Data segment below:
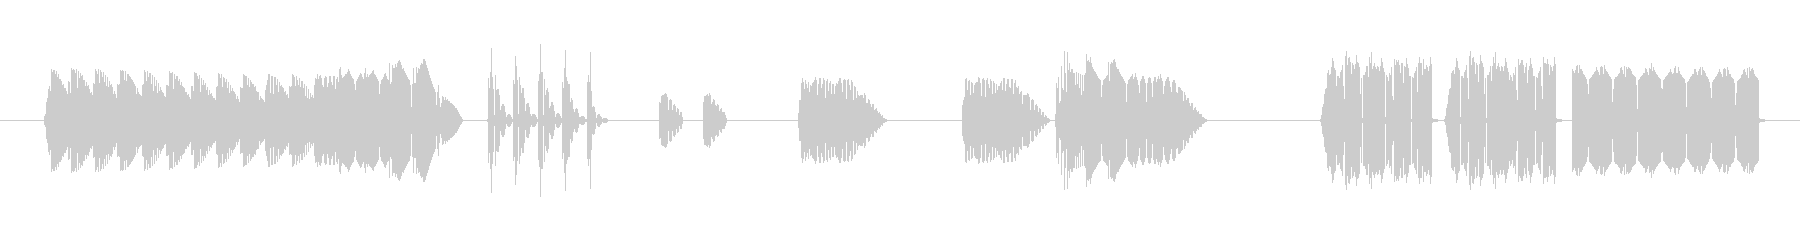 FX アーケードシューティングプレイ02の未再生の波形
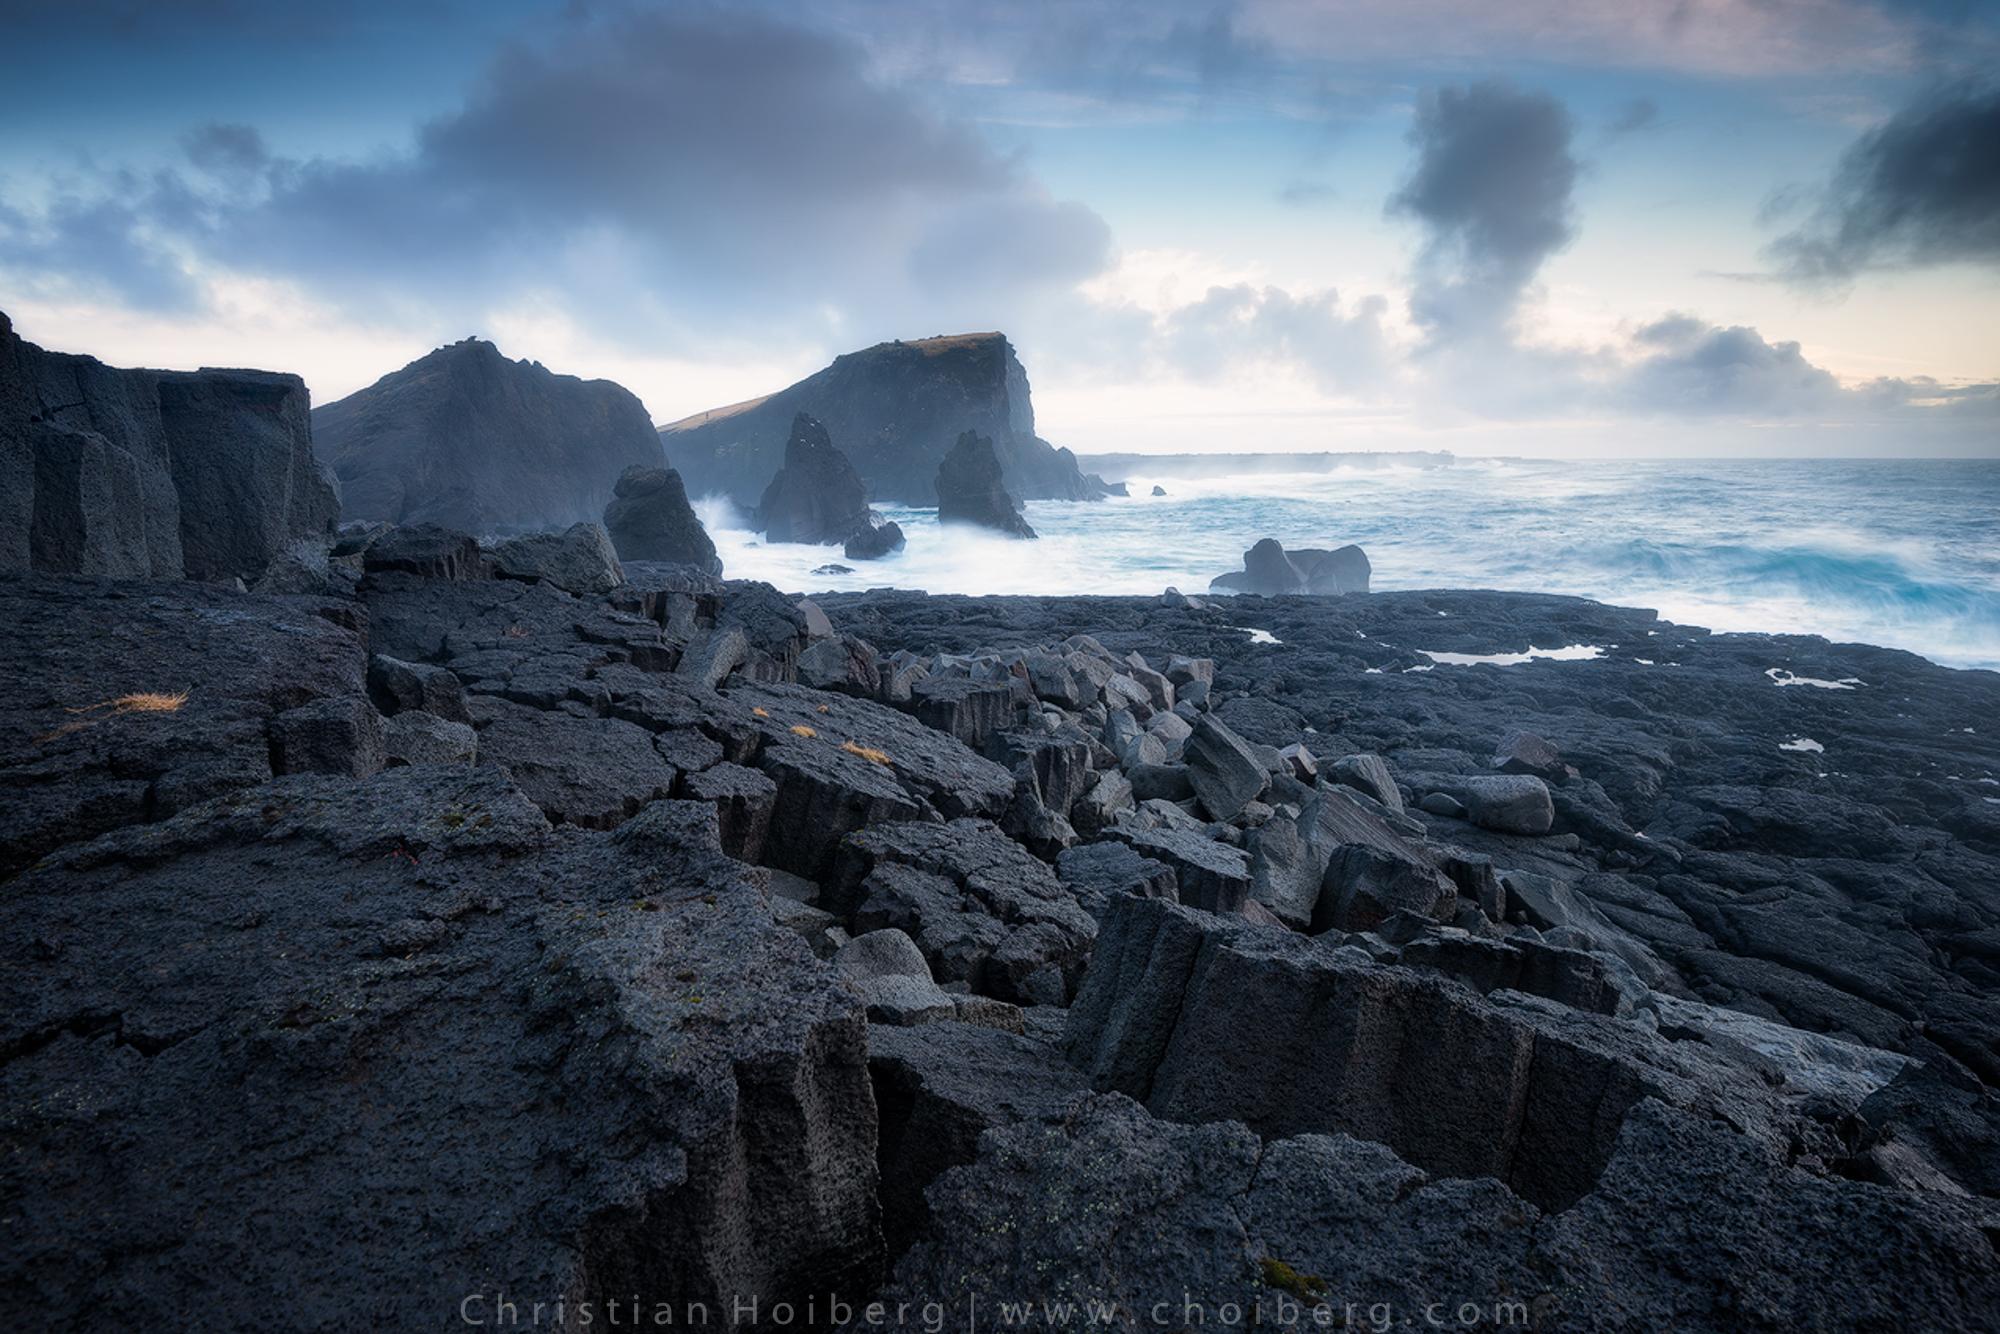 Rugged landscape at the Reykjanes Peninsula
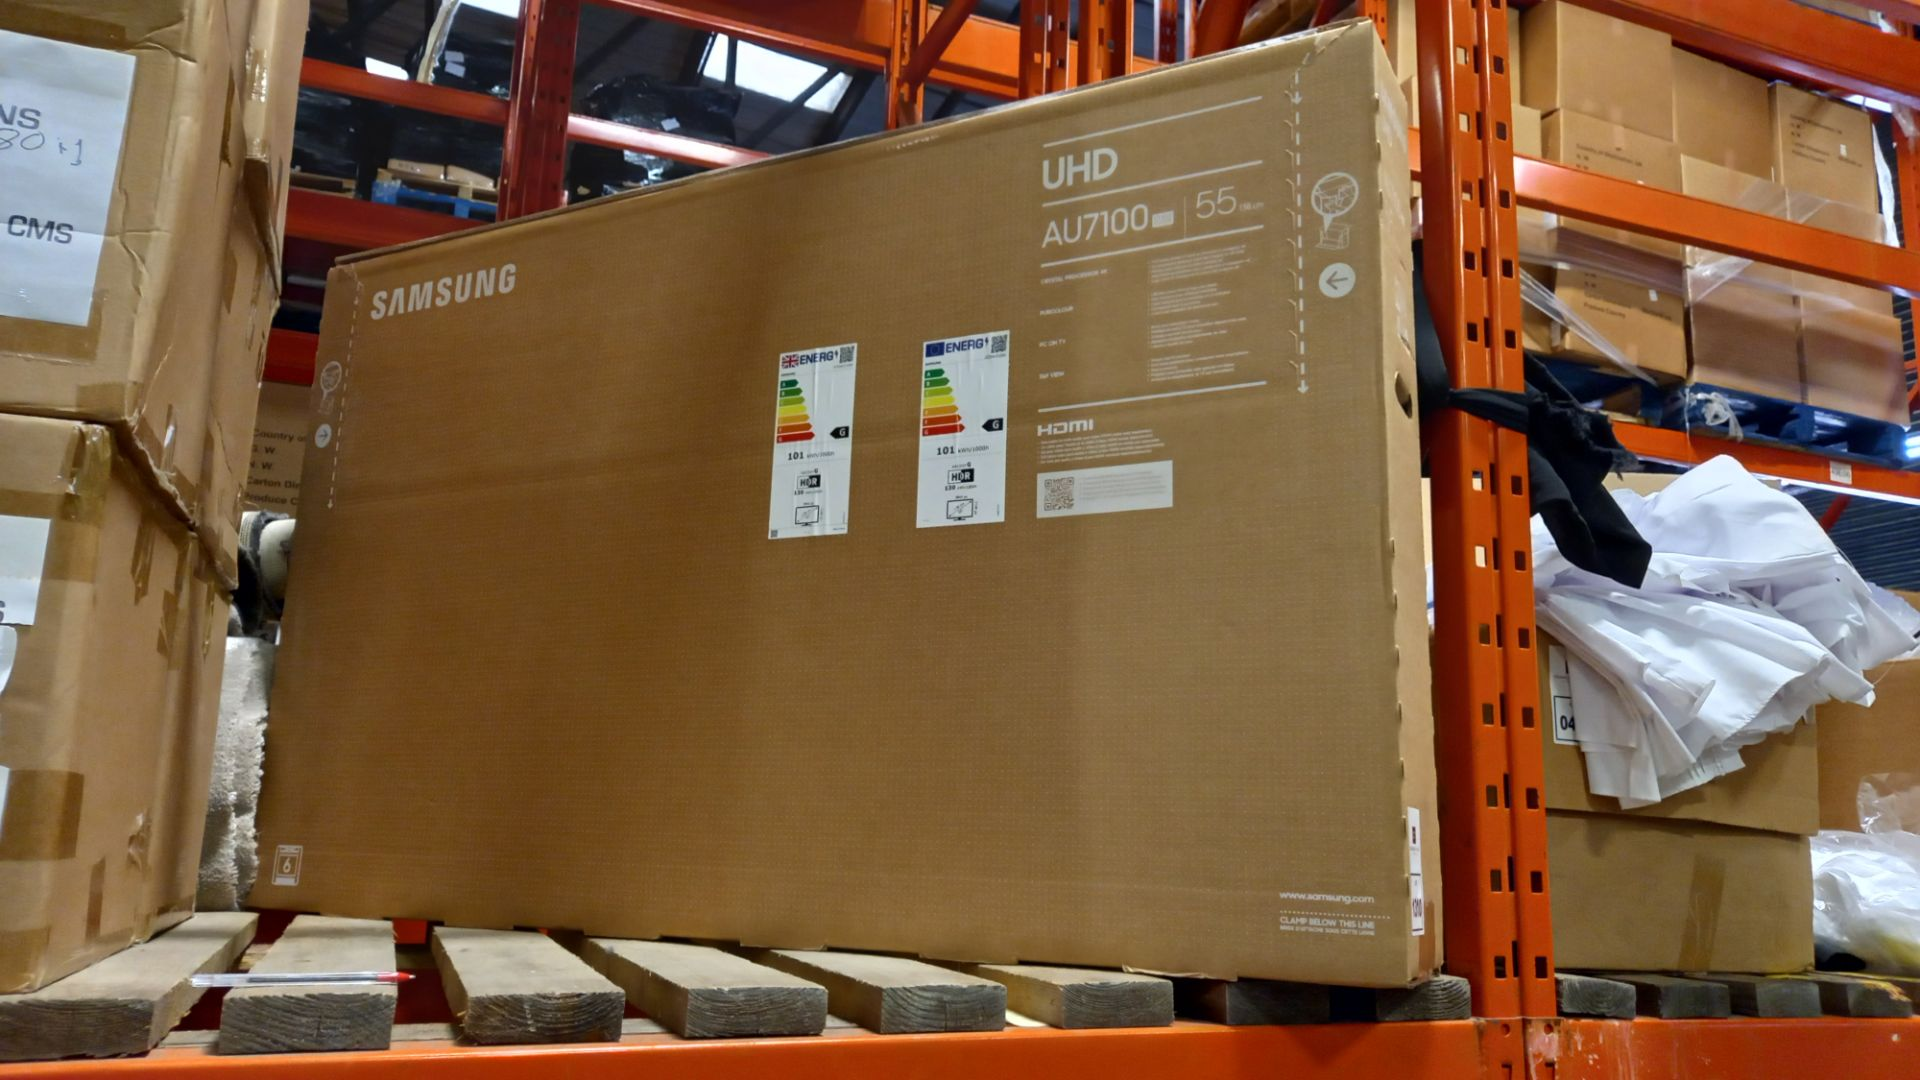 1 X BRAND NEW SAMSUNG UHD 55 TV (AU7100)
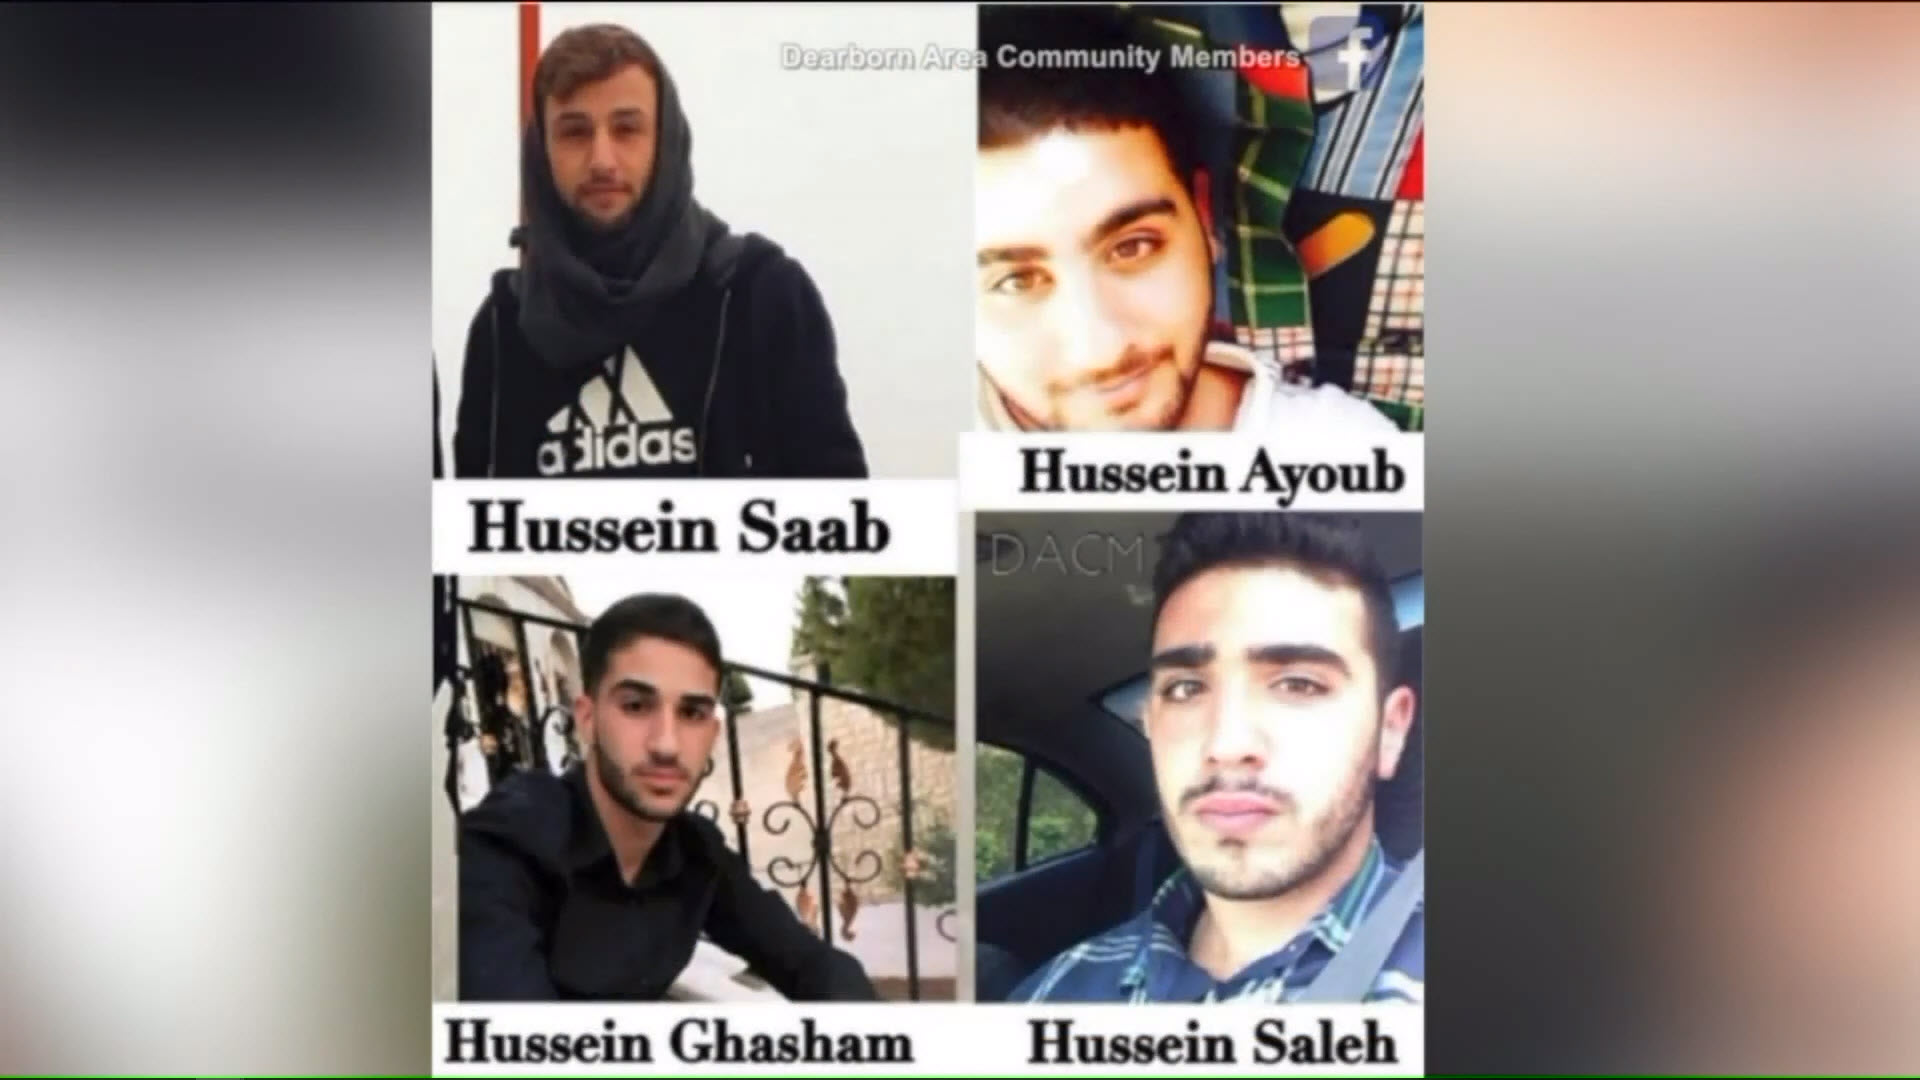 Hussein Saab, Hussein Ayoub, Hussein Ghasham and Hussein Saleh
End of Data segment.
*Exercise aim*: An exact reproduction of the lines from the line containing "1 X BRAND NEW SAMSUNG UHD 55 TV (AU7100)" through the end of the listing above is needed; pictures stay out.

*Answer below*:
 1 X BRAND NEW SAMSUNG UHD 55 TV (AU7100)
 Hussein Saab, Hussein Ayoub, Hussein Ghasham and Hussein Saleh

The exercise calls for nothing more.